# Data Dive, Part II: Exploring Data

The second part of today's exercise takes a look at stock data downloaded from [Yahoo Finance](https://finance.yahoo.com/lookup). Stock returns can translate to enormous swings of wealth, and thus have long been the subject of statistical analysis. Today we'll take a look at just a handful of properties of stock returns. The file linked below includes all available data for four stocks: Apple (AAPL), Facebook (FB), General Electric (GE), and IBM (IBM), and one index: the Dow Jones Industrial Average (DJIA).  

In [None]:
%matplotlib inline
import pandas as pd
import matplotlib.pyplot as plt


#### Download Raw Data

In [None]:
raw_df = pd.read_csv('https://grantmlong.com/data/stocks.csv')
raw_df.set_index('Date', inplace=True)
print('Raw rows: %i' % raw_df.shape[0])
price_df = raw_df.dropna(axis=0)
print('Full rows: %i' % price_df.shape[0])


#### Transform Prices to Returns

In [None]:
return_df = price_df.pct_change(periods=1).dropna(axis=0)
return_df.tail(10)

### Part I: Visualize Returns

Look at the Build histograms for the returns for each of the stocks.

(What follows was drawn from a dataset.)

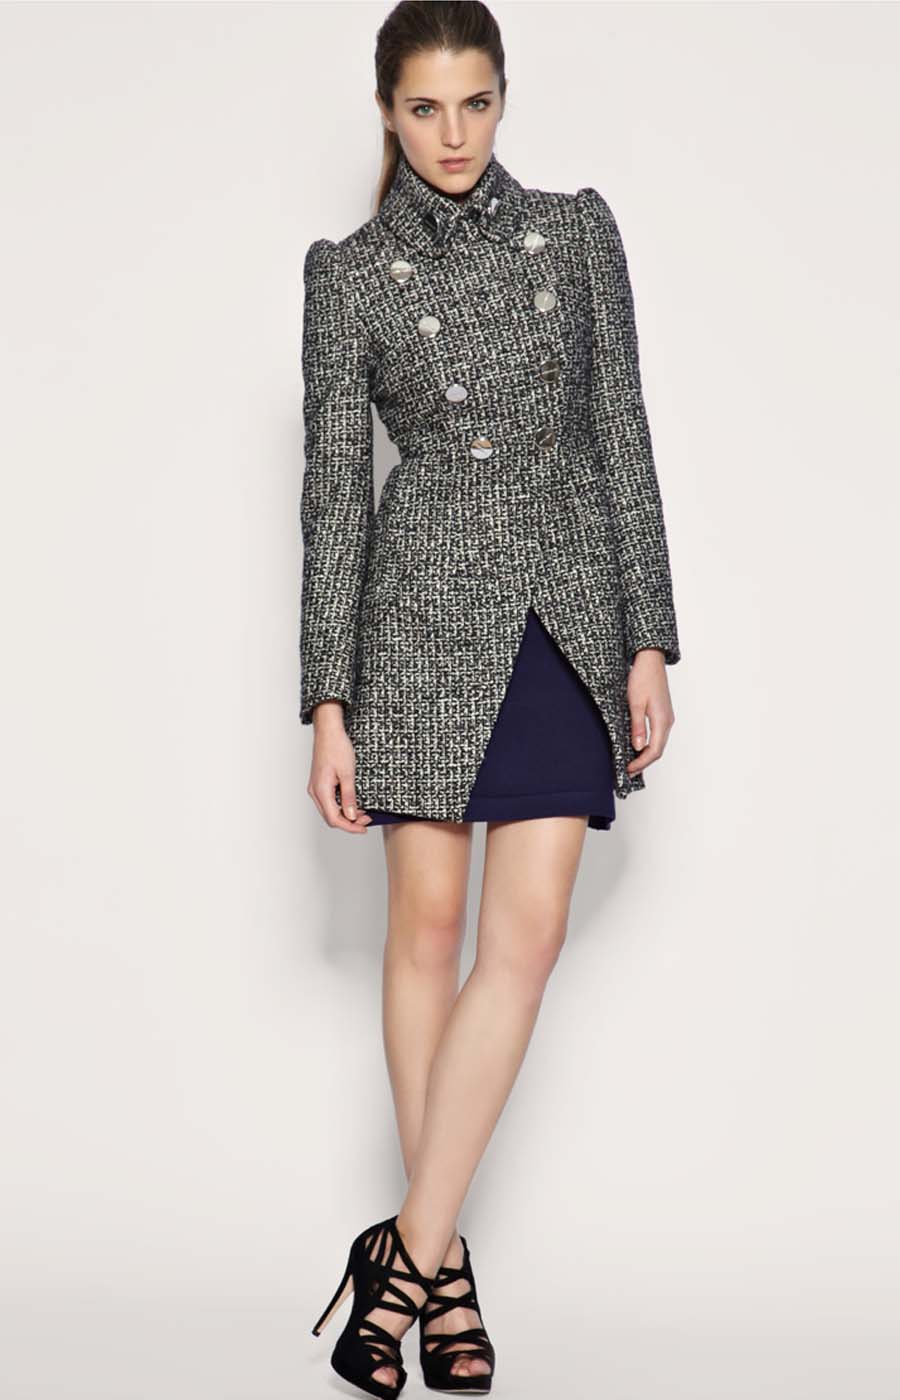 Fashion Trends: To own one Discount Karen millen dress

What do the distributions of these stocks look like?

Which is has the highest average return? Which is the most volatile?

1. Identify and plot the summary statistics to answer each of these 
2. Are there other plots that might also be useful in illustrating these concepts?

### Part II: Confidence Intervals

Based on this data, find the most you would lose on a \$10,000 investment with 95 percent and 99 percent confidence.
* Is it fair to call this a confidence interval?
* How else might you calculate such as confidence interval?
* [Time permitting] For the stocks with more data available, how does the inclusion of the historical returns change things?

### Part III: Correlation

For each of the four stocks, which are most correlated with each other?
* Why might this be the case?
* Can we visualize these correlations?

For each of the four stocks, which are most correlated with the broader market index?
* How might we use the data?
* If we regress these returns against the market which has the biggest slope and intercept?

## Bonus Round: Make a case, using data, for investing in one of these four stocks.